Figure 7 shows the results of CBC on an Oregonator model. CBC solutions are again overlaid on a bifurcation diagram generated with XPPAUTO. Our methods are shown to trace out both stable and unstable periodic responses, with comparable accuracy to XPPAUTO.

4 Discussion

4.1 Robustness to observation noise

Spline models are appealing for CBC: piecewise-polynomials offer the broad descriptive capabilities of polynomial fitting, without suffering from Runge’s phenomenon. In addition, the combination of model smoothness and low-degree polynomials provide compelling noise-filtering capabilities, as shown in Fig. 8. Plotted are synthetic data, from a slow-fast system controlled with a proportional controller. Data are generated from the Oregonator model described in Sect. 3. To recreate a realistic experiment, controller observations are subject to measurement noise, producing a stochastic system with a noisy response. B-spline discretisation outperforms Fourier discretisation of the noisy data. With low discretisation sizes, Fourier discretisation struggles to match the slow-changing section of the signal; with larger discretisation sizes, it becomes susceptible to noise corruption. B-splines provide a more accurate description of the underlying deterministic process, and are robust against observation noise.

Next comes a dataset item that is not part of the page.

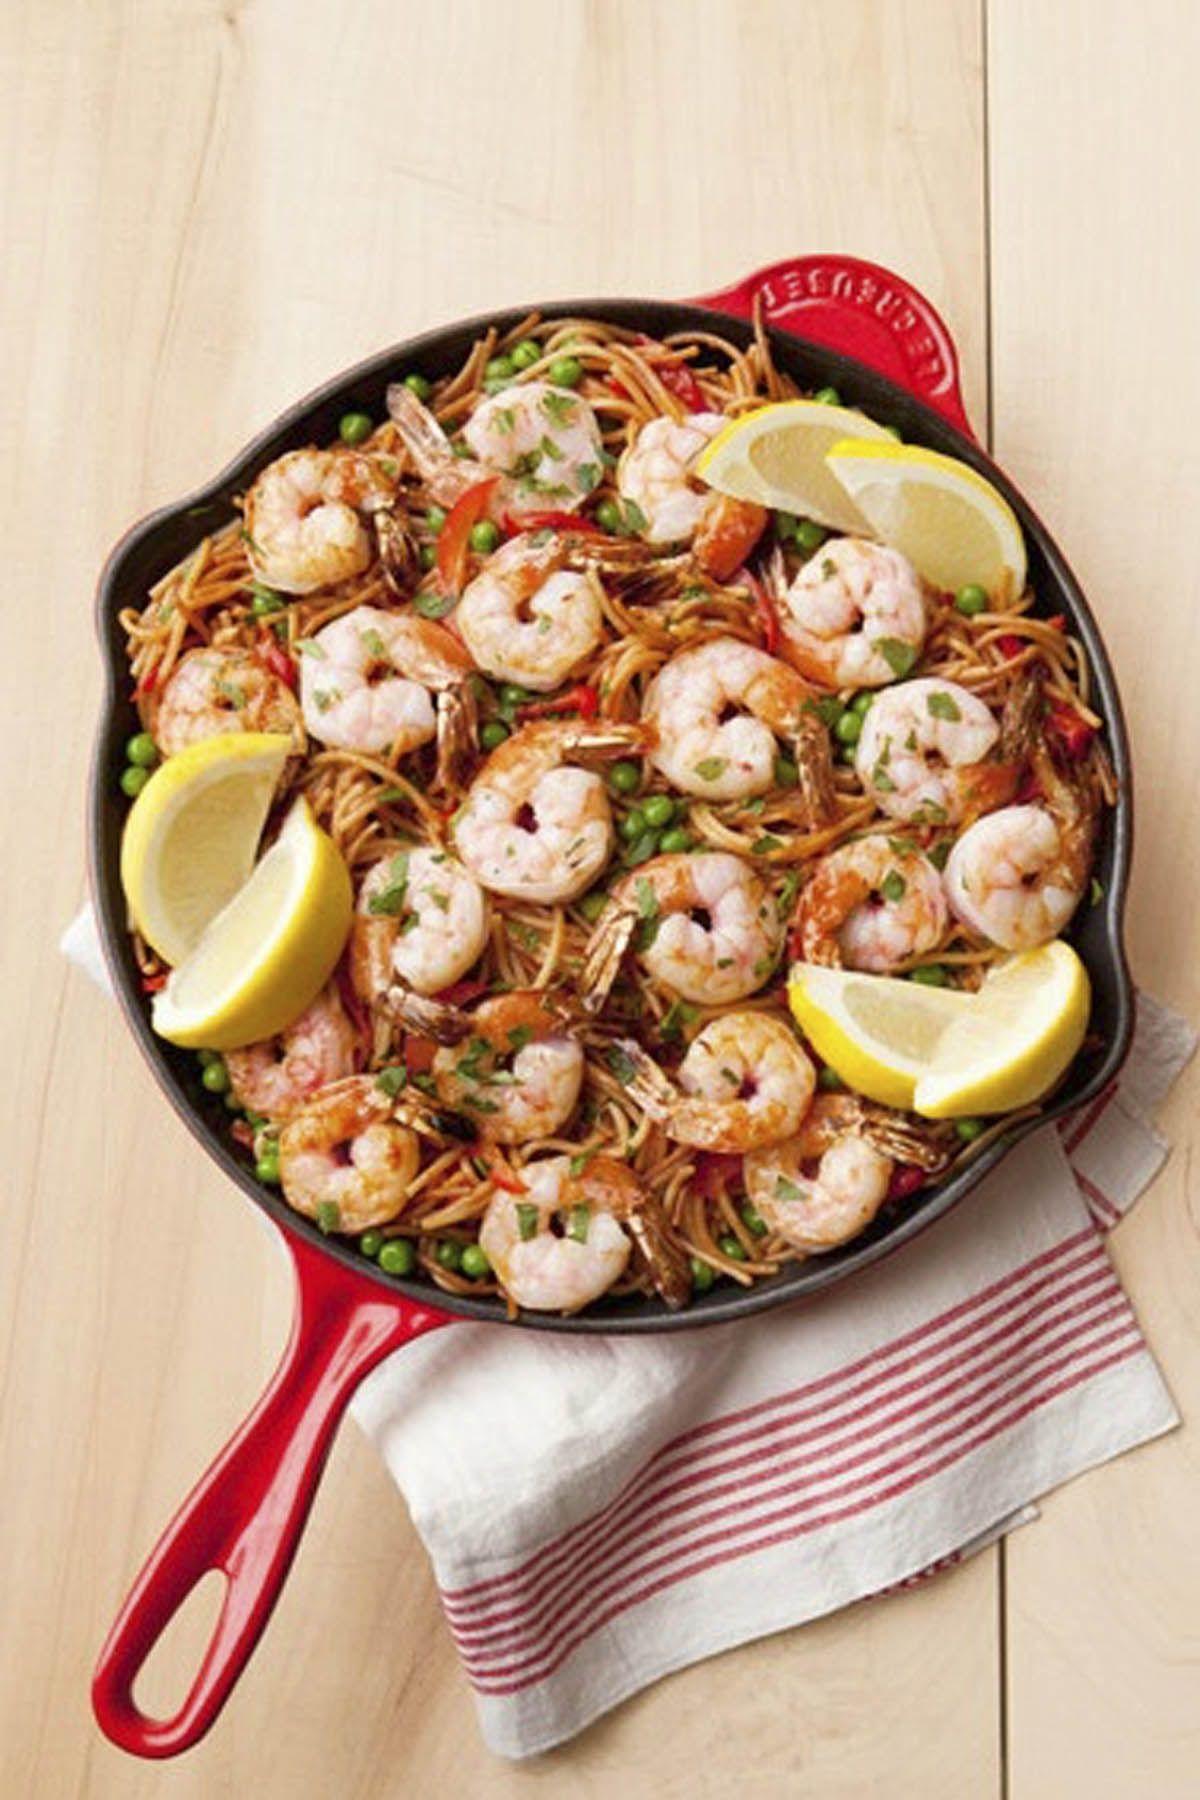 53 Easy Christmas Dinner Ideas Best Recipes For Christmas Dinner

4.2 Angle-encoding origin choices

Fig. 9
figure 9

Phase planes demonstrating mechanism of stalling for angle-encoded control, showing flow-field (arrows), \(x\) and \(y\) nullclines (blue, orange lines, respectively), stable and unstable equilibria (filled, open circles), angle-encoding origin (black cross), and limit cycle trajectory where appropriate (black closed curve). a Phase-plane of an uncontrolled Oregonator at parameter \(f=0.65\). b A noninvasive control target for parameter \(f=0.67\) is found from a discretisation of open-loop oscillations. This is then used as an angle-encoded control target at parameter \(f=0.65\), using a min–max origin. The controller is seen to put a stable equilibrium into the system, so that oscillations disappear. c The same control target is now used with a max–min origin. Moving the polar origin has changed the nullclines, such that the previous stable equilibrium has destabilised, and the desired oscillations return

Angle-encoding requires a polar origin \((\mu _x, \mu _z)\), from which state angles are computed. Easily computed choices for \(\mu _x\) and \(\mu _z\) are the mean over one period of the signals \(x(t)\) and \(z(t)\), respectively. Nevertheless, these values do not work in all cases. With some systems, the controller can settle to a spurious equilibrium—an invasive equilibrium, near an equilibrium of the uncontrolled system. Spurious equilibria are not representative of the true, uncontrolled equilibrium at that parameter value.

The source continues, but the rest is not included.